The farmer sat lethargic in his frayed clothes. His fingers hung like stalactites, dark circles under his eyes. If this guy represented agriculture in America, it was in sad shape.
“You guys campin’?”
“Yeah.”
“What you got, a tent?”
“Sleepin’ bags.”
“We’re star gazers. Open air aficionados. Life seekers,” I said.
Just then we crossed the modest arch that spanned the Mississippi River. It would have been easy to say, “One short ride for Otto and me / One giant leap for the annals of hitchhiking,” but I didn’t. Too dorky.

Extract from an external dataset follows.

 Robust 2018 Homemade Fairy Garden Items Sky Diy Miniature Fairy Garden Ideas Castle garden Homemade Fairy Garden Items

The farmer let us off on Main Street, LeClaire, Iowa, at a cruddy trailer park grown over with weeds. Mobile homes and camp vehicles sat resting at water’s edge. Free or not, we walked right in. We trudged past Jet Streams and Horizons and Coachmans and Fleetwoods, while crickets made a fracas.
We laid out our sleeping bags three feet from the river, which flowed without a ripple.

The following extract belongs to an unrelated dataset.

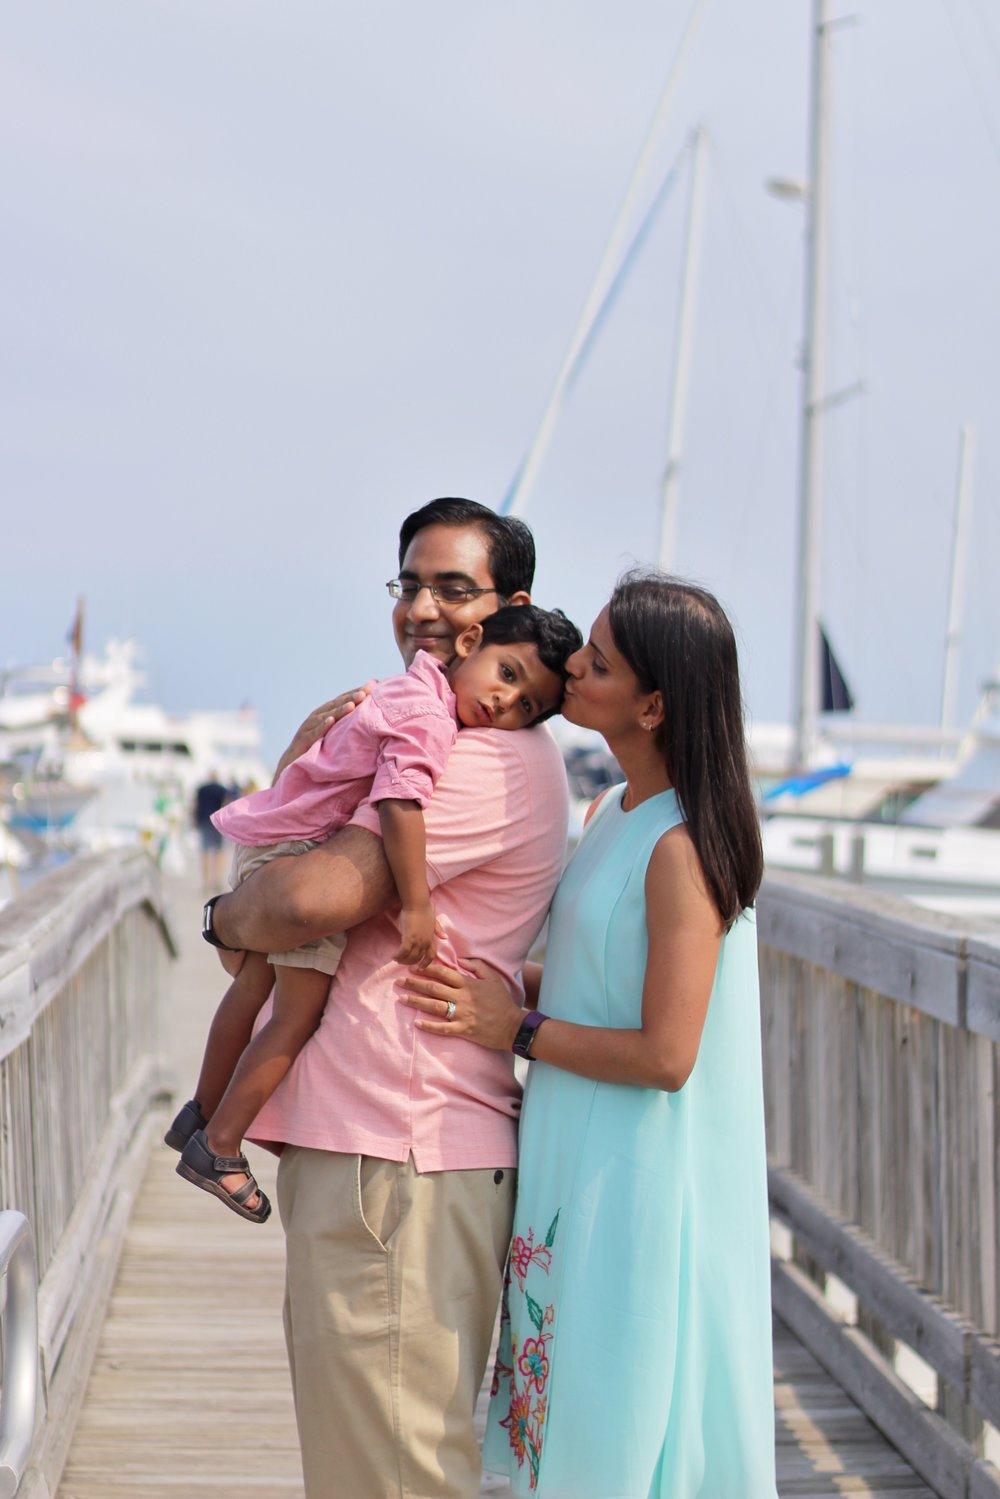 Patel Family Traverse City August 2018 (51).JPG

Everyone in town was tucked in. I’d never read any Mark Twain books, but I knew their storylines,
and it wasn’t hard to imagine two boys waving to an ornate showboat floating downstream, carrying goods and supplies to the market in New Orleans. The sassy trumpet of Louis Armstrong, “Hello Dolly,” played loudly between my ears.
Otto’s blond, stick-like body was decked out next to mine, face up, eyes closed. Constellations beamed above. I was almost asleep when my partner’s voice drifted through my ears.
“How di’ya think Archie’s murder went?”